Fix demo

adamkarvonen · adamkarvonen · commit 227da899cafc · 2025-08-18T22:25:51.000Z
diff --git a/README.md b/README.md
@@ -75,22 +75,28 @@ Another key object is the `ActivationBuffer`, defined in `buffer.py`. Following
 An `ActivationBuffer` is initialized from an `nnsight` `LanguageModel` object, a submodule (e.g. an MLP), and a generator which yields strings (the text data). It processes a large number of strings, up to some capacity, and saves the submodule's activations. You sample batches from it, and when it is half-depleted, it refreshes itself with new text data.
 
 Here's an example for training a dictionary; in it we load a language model as an `nnsight` `LanguageModel` (this will work for any Huggingface model), specify a submodule, create an `ActivationBuffer`, and then train an autoencoder with `trainSAE`.
+
+NOTE: This is a simple reference example.
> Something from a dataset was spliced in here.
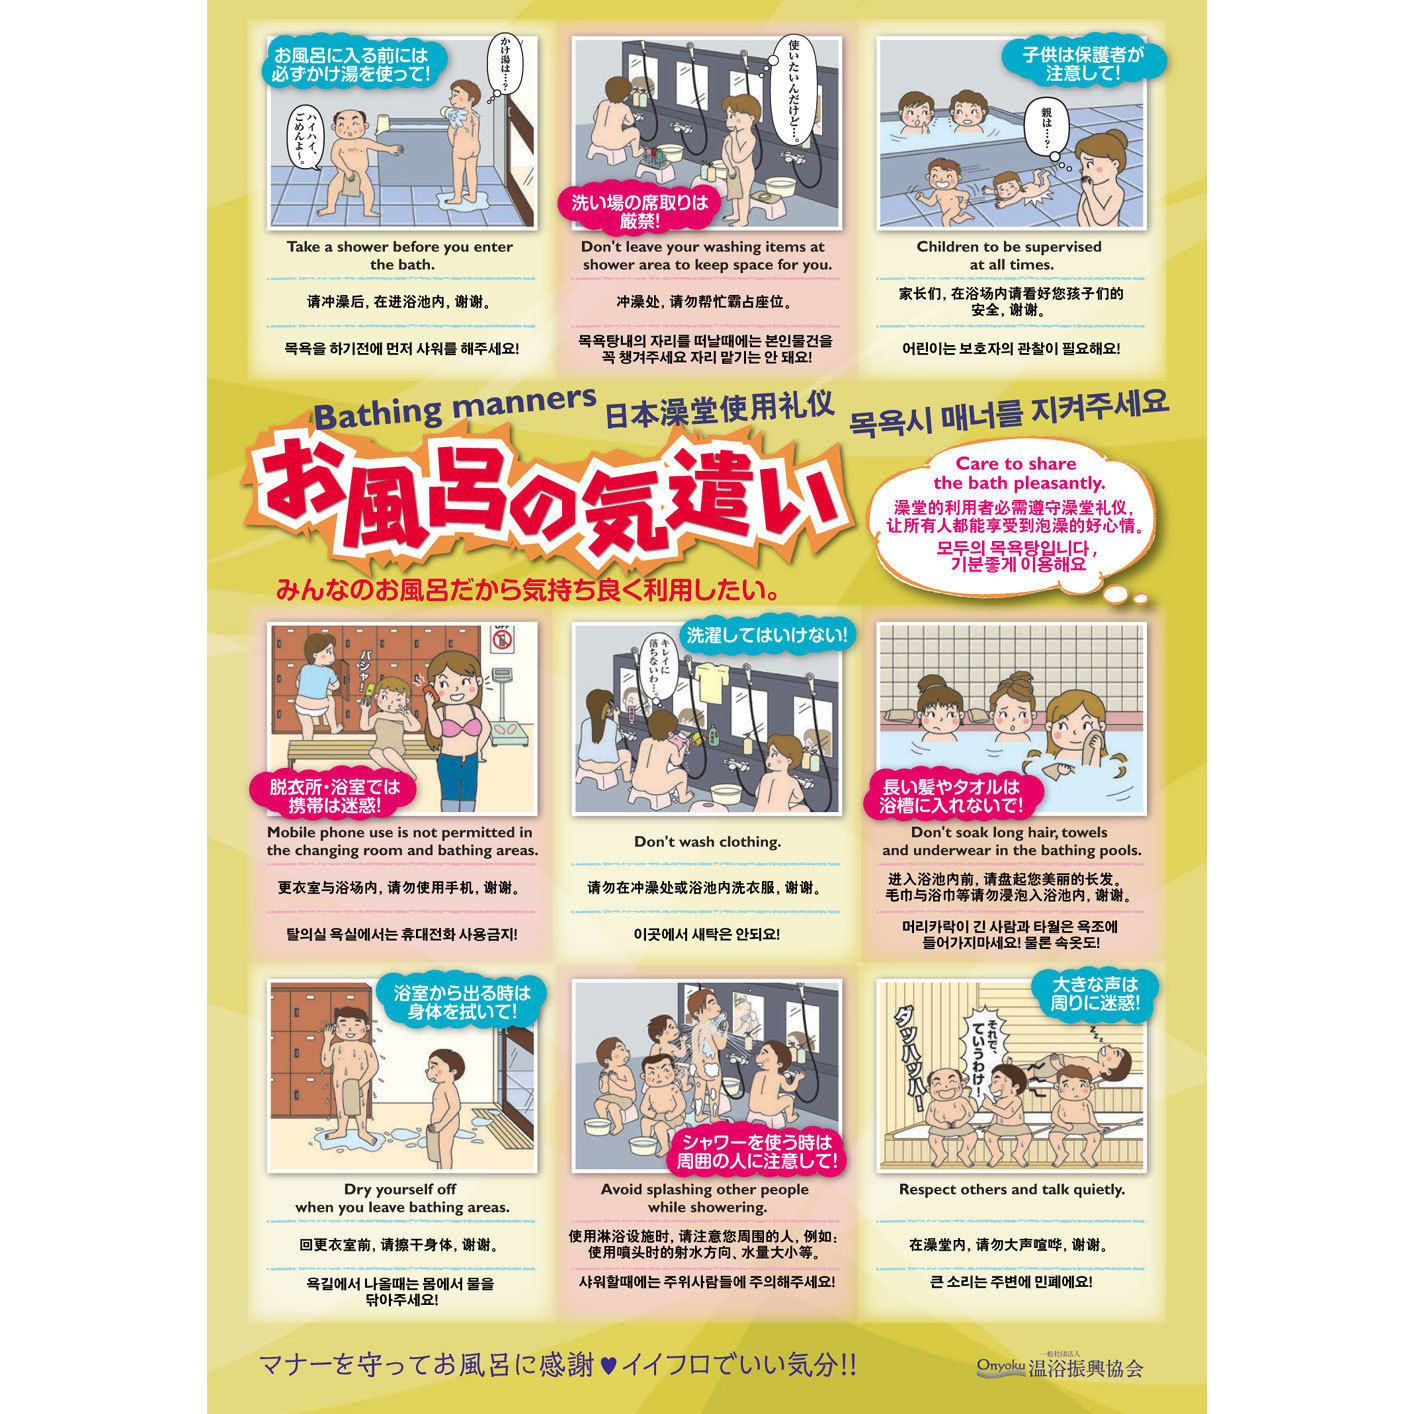 「ゆーゆオリジナルお風呂のマナーポスター・インバウンド向け」Aセット(2枚セット)

For an example with standard hyperparameter settings, HuggingFace dataset usage, etc, we recommend referring to this [demonstration](https://github.com/adamkarvonen/dictionary_learning_demo).
 ```python
 from nnsight import LanguageModel
-from dictionary_learning import ActivationBuffer, AutoEncoder
-from dictionary_learning.trainers import StandardTrainer
+from dictionary_learning import ActivationBuffer
+from dictionary_learning.trainers.top_k import TopKTrainer, AutoEncoderTopK
 from dictionary_learning.training import trainSAE
 
 device = "cuda:0"
-model_name = "EleutherAI/pythia-70m-deduped" # can be any Huggingface model
+model_name = "EleutherAI/pythia-70m-deduped"  # can be any Huggingface model
 
 model = LanguageModel(
     model_name,
     device_map=device,
 )
-submodule = model.gpt_neox.layers[1].mlp # layer 1 MLP
-activation_dim = 512 # output dimension of the MLP
+layer = 1
+submodule = model.gpt_neox.layers[1].mlp  # layer 1 MLP
+activation_dim = 512  # output dimension of the MLP
 dictionary_size = 16 * activation_dim
+llm_batch_size = 16
+sae_batch_size = 128
+training_steps = 20
 
 # data must be an iterator that outputs strings
 data = iter(
@@ -99,30 +105,43 @@ data = iter(
         "In real life, for training a dictionary",
         "you would need much more data than this",
     ]
+    * 100000
 )
+
 buffer = ActivationBuffer(
     data=data,
     model=model,
     submodule=submodule,
-    d_submodule=activation_dim, # output dimension of the model component
-    n_ctxs=3e4,  # you can set this higher or lower dependong on your available memory
+    d_submodule=activation_dim,  # output dimension of the model component
+    n_ctxs=int(
+        1e2
+    ),  # you can set this higher or lower depending on your available memory
     device=device,
+    refresh_batch_size=llm_batch_size,
+    out_batch_size=sae_batch_size,
 )  # buffer will yield batches of tensors of dimension = submodule's output dimension
 
 trainer_cfg = {
-    "trainer": StandardTrainer,
-    "dict_class": AutoEncoder,
+    "trainer": TopKTrainer,
+    "dict_class": AutoEncoderTopK,
     "activation_dim": activation_dim,
     "dict_size": dictionary_size,
     "lr": 1e-3,
     "device": device,
+    "steps": training_steps,
+    "layer": layer,
+    "lm_name": model_name,
+    "warmup_steps": 1,
+    "k": 100,
 }
 
 # train the sparse autoencoder (SAE)
 ae = trainSAE(
     data=buffer,  # you could also use another (i.e. pytorch dataloader) here instead of buffer
     trainer_configs=[trainer_cfg],
+    steps=training_steps,  # The number of training steps. Total trained tokens = steps * batch_size
 )
+
 ```
 Some technical notes our training infrastructure and supported features:
 * Training uses the `ConstrainedAdam` optimizer defined in `training.py`. This is a variant of Adam which supports constraining the `AutoEncoder`'s decoder weights to be norm 1.